At the postoperative stage, patients with resection of anaplastic meningioma undergo contrast-enhanced computed tomography or magnetic resonance imaging.
Prevention
Provoking factors of development and methods of prevention of cancer development of the central nervous system are constantly studied by scientists all over the world. Unfortunately, thousands of people are diagnosed with meningiomas every year, and most of these patients cannot be cured of the disease due to late detection.
It is important that absolutely all risk factors should be perceived within the framework of individual responsibility for their own health. The recommendations on nutrition, elimination of bad habits, the need for protection from ultraviolet radiation are often ignored by most people. Despite the presence of proven and logical root causes, people continue to abuse alcohol, smoke, consume products containing a lot of carcinogens.
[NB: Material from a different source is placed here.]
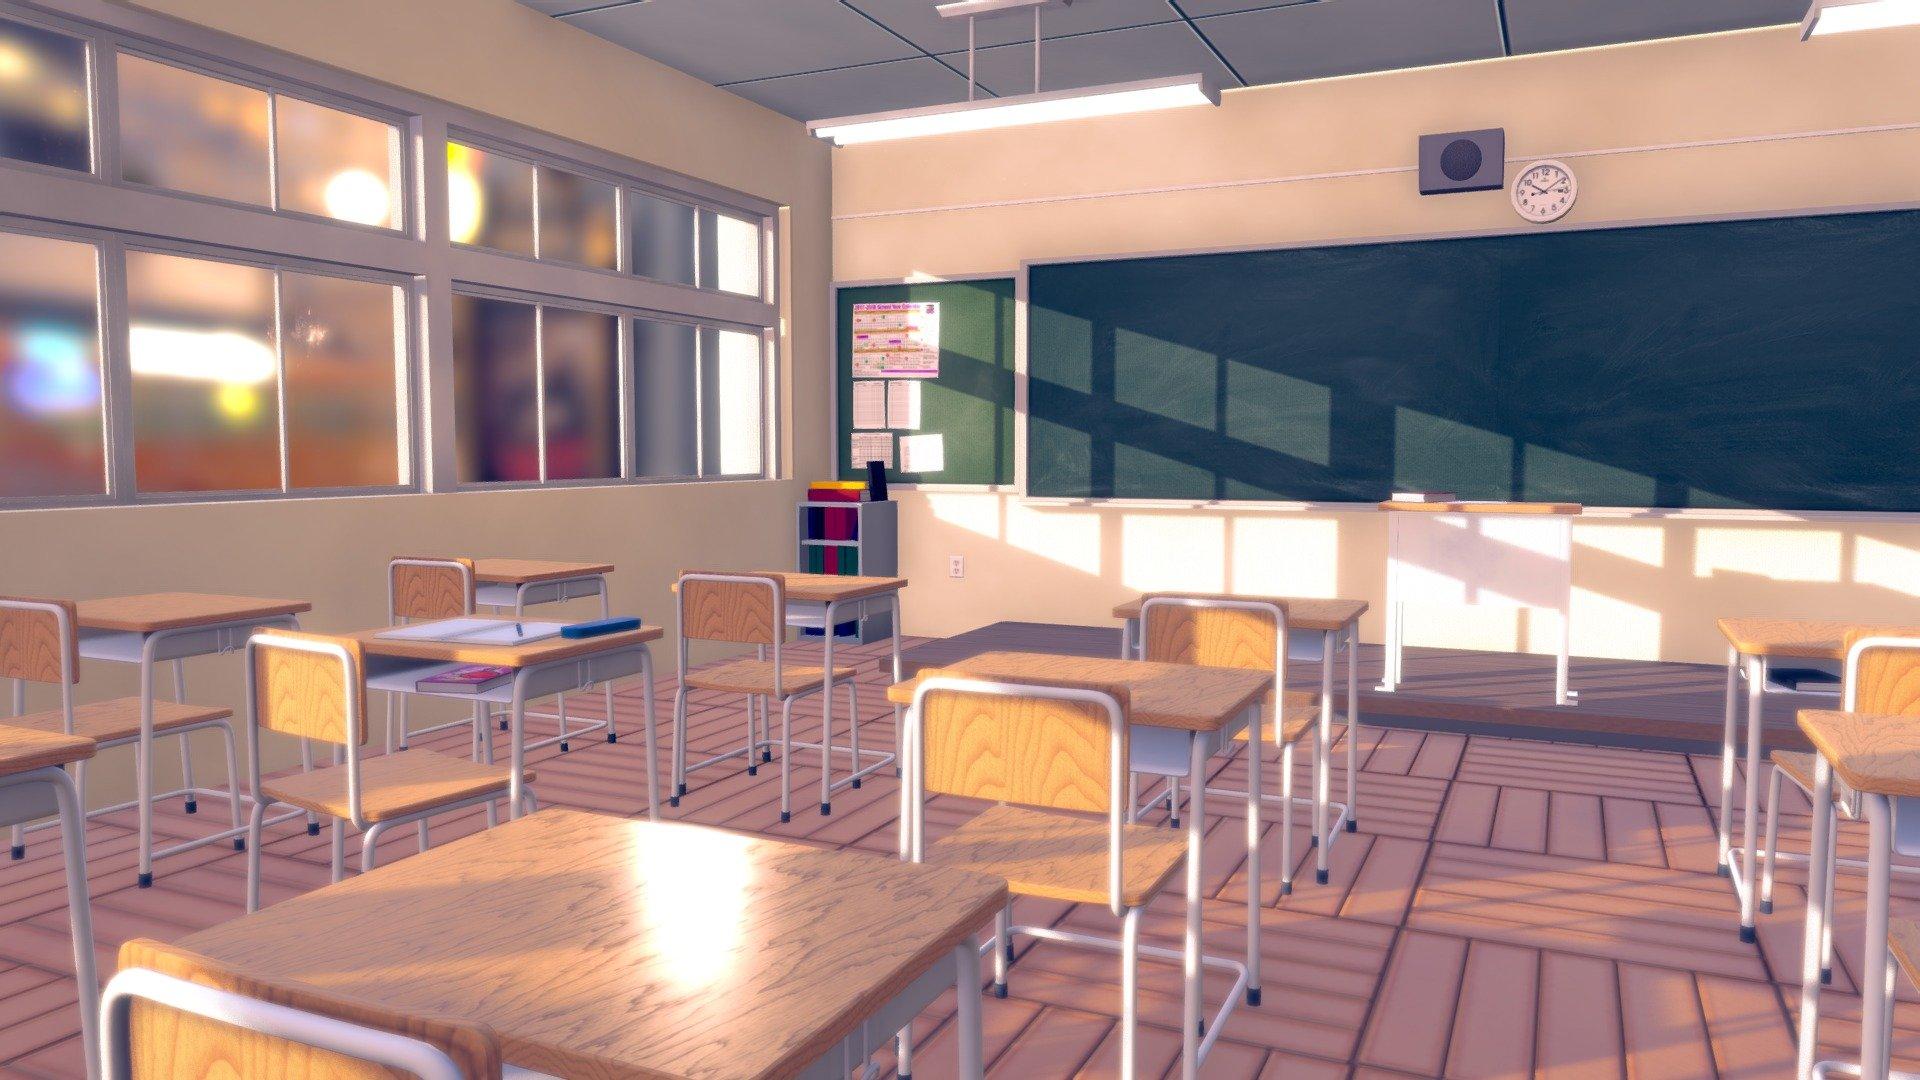 Anime Classroom - Download Free 3D model by BigMiniGeek ...

The simplest and most affordable prevention involves, first and foremost, leading a healthy lifestyle. This significantly reduces the risks of anaplastic meningioma and other malignant neoplasms, and increases the chances of survival for many patients who are already fighting the disease.
Forecast
The outcome of the pathology depends on the location, prevalence of anaplastic meningioma. In many cases, neoplasms recur, metastasize, which significantly worsens the prognosis of the disease. It is not always possible to completely remove such tumor processes - for example, there are difficulties with resection of meningiomas of the falx tentorial angle, cranial base and cavernous sinus, petroclival foci, multiple masses.
Due to the diverse and unclear symptomatology, timely diagnosis is often difficult. In elderly patients, the picture of tumor process is sometimes mistaken for age-related brain changes, which further aggravates the situation. It is very important to suspect the problem in time and refer the patient for diagnostic measures - magnetic resonance and computer tomography, as well as for consultation with an oncologist, neurosurgeon, radiotherapist.
On average, anaplastic meningioma recurs in 70% of cases. Survival is limited to 1-2 years.